Digital assets are often protected by what’s known as a cryptographic key.
These computer codes can be likened to a key that opens a house or a safe, but with an important difference – anyone who knows the code can take control of the asset itself, potentially whisking it away without a trace.
Cryptographic keys are lifetime codes that can never be regenerated or changed. Lose the key, lose the asset – forever.
This distinction is sometimes lost in a world that, by and large, has yet to formulate an official regulatory framework for cryptocurrency and other digital assets, much less understand their finer points.
Wyoming is ahead of the pack with its regulatory framework, and is considering another key protection for digital asset owners.
House Bill 86 will prevent a court from compelling through discovery the invisible code that makes up a private cryptographic key whenever a public key will do the job just as well.
Not A New Bill
This is not the first go-round for the effort, said Rep. Jared Olsen, R-Cheyenne, Chairman of the House Corporations, Elections & Political Subdivisions.
“Maybe we finally got this bill to a place where we can agree on it and advance it,” he said during committee deliberations Wednesday afternoon.
The revised HB 86 includes language expressly stating that it’s not meant to interfere with the normal legal processes that courts engage in.
For example, Olsen said, divorce proceedings will still work the way they always have.
The existence of any digital assets must be disclosed, as with any other asset. A judge can still award assets to one or the other party, who would then have to relinquish the asset according to the judge’s directive.
But the private code that controls the asset itself is not needed for the legal process to play out, Olsen said. It doesn’t need to be “discovered” and then seen by a judge, attorneys for both parties, court clerks and on down the line.
Keeping those codes secret is necessary to protect the asset itself, Olsen said.
That’s because anyone who sees the code through discovery processes could then use it to take the asset. If too many have seen the code, there might be no real way to tell who the culprit was.
“Without this statute, there’s an argument that your key might not be protected,” Olsen said. “You know, if you’ve ever read stories about somebody losing their (private cryptographic) keys, people have literally lost millions of dollars in currency, because once a key is lost, there’s no third party you can go to to regenerate a key.
“It’s private. It’s like a password that you simply can’t change.”
Private keys are sometimes kept by third parties, however, Olsen acknowledged.
“That’s what the Special Purpose Depository Institutions, the speedy banks (are for),” Olsen said. “These are banks that are designed as fiduciaries to hold possession of your key, so you don’t lose it.
“If, for whatever reason, a third party wants the key and they subpoena that third party who is holding your key, this order would prohibit that disclosure of the key itself.”
Rep. Tony Locke, R-Casper, testified in favor of House Bill 86 during the House Corporations Committee’s deliberations Wednesday afternoon.
“This is a very critical component of privacy,” he said. “It’s very critical. And so I, of course, give a strong yes on this bill to protect the privacy of the individual and keep government out of those kinds of things.”
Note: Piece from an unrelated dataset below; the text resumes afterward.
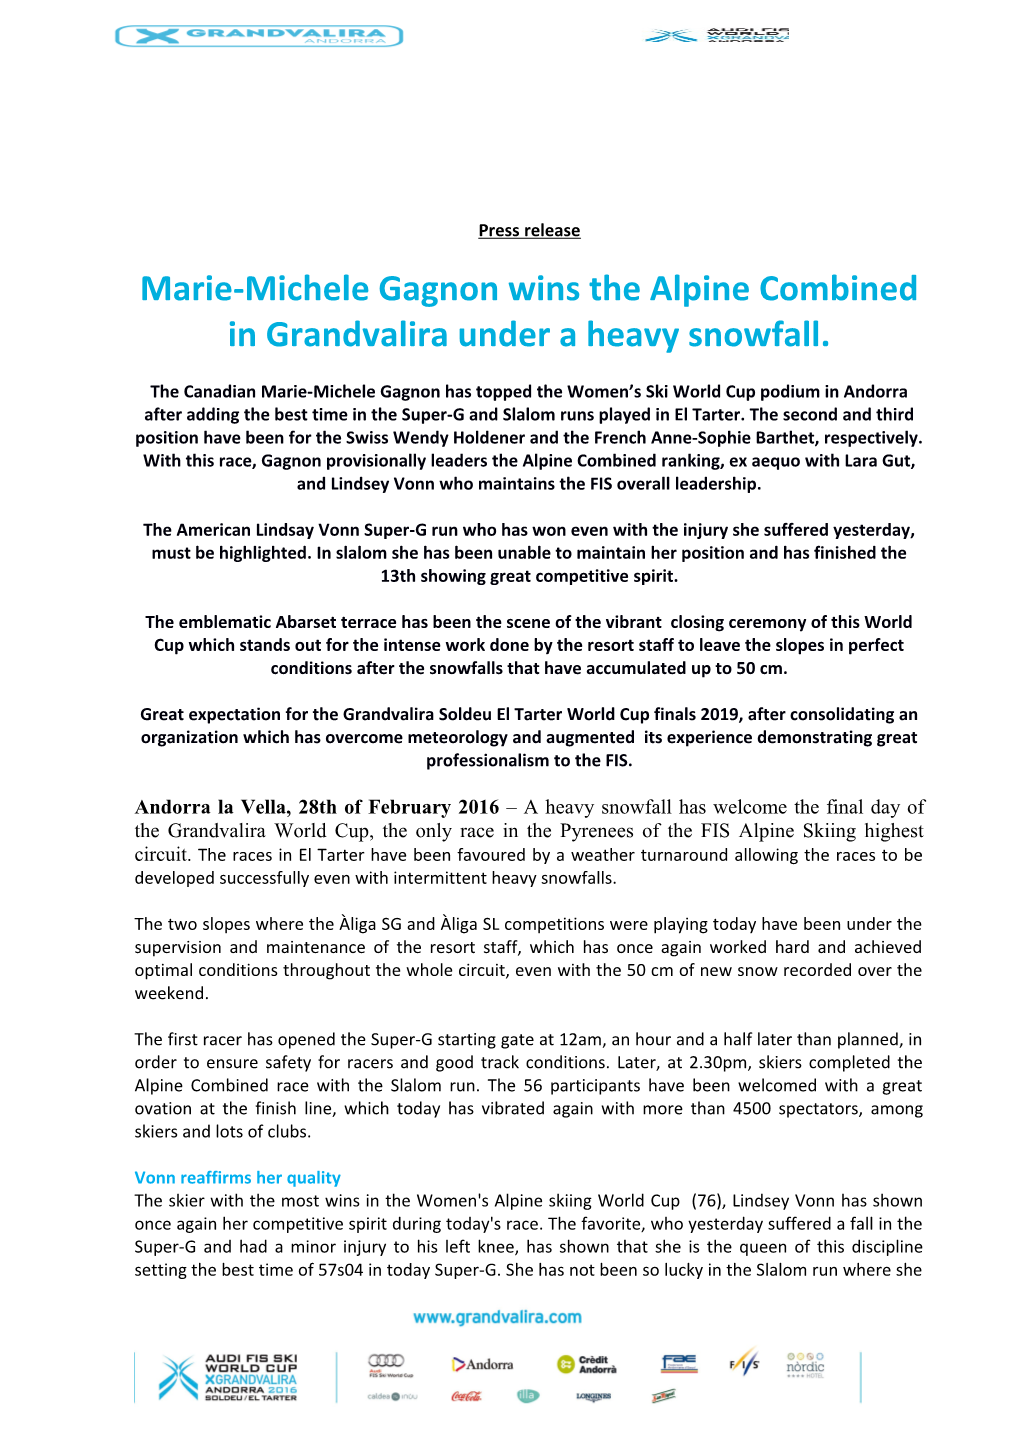 Marie-Michele Gagnon Wins the Alpine Combined in Grandvalira Under a Heavy Snowfall

What About Deceased Key Holders
Scott Meier, representing the Wyoming Bankers Association, meanwhile wanted to know how the law would affect a case with a decedent who owned a private cryptographic key.
The scenario is not unlike a situation where there’s a locked gun safe and the heirs all want to know what is in the safe, Olsen said. A meeting is arranged where everyone can be present to see the safe opened.
“Something like that can still occur with the cryptographic key, where everyone can be present to see what the asset is without actually handing the keys to somebody else,” Olsen said.
The law won’t change the requirement for a complete inventory either, Olsen said. It will be the same as in any court-supervised administration of an estate.
“They’re going to have to list what the asset is,” Olsen said. “If they don’t know how to use the private key, they’ll probably use a third party to help them understand how to use the key to figure out what the asset is.”
HB 86 moves to the House floor with a pass recommendation, with eight yes votes and one excused absence from the House Corporations, Elections & Political Subdivisions Committee on Wednesday.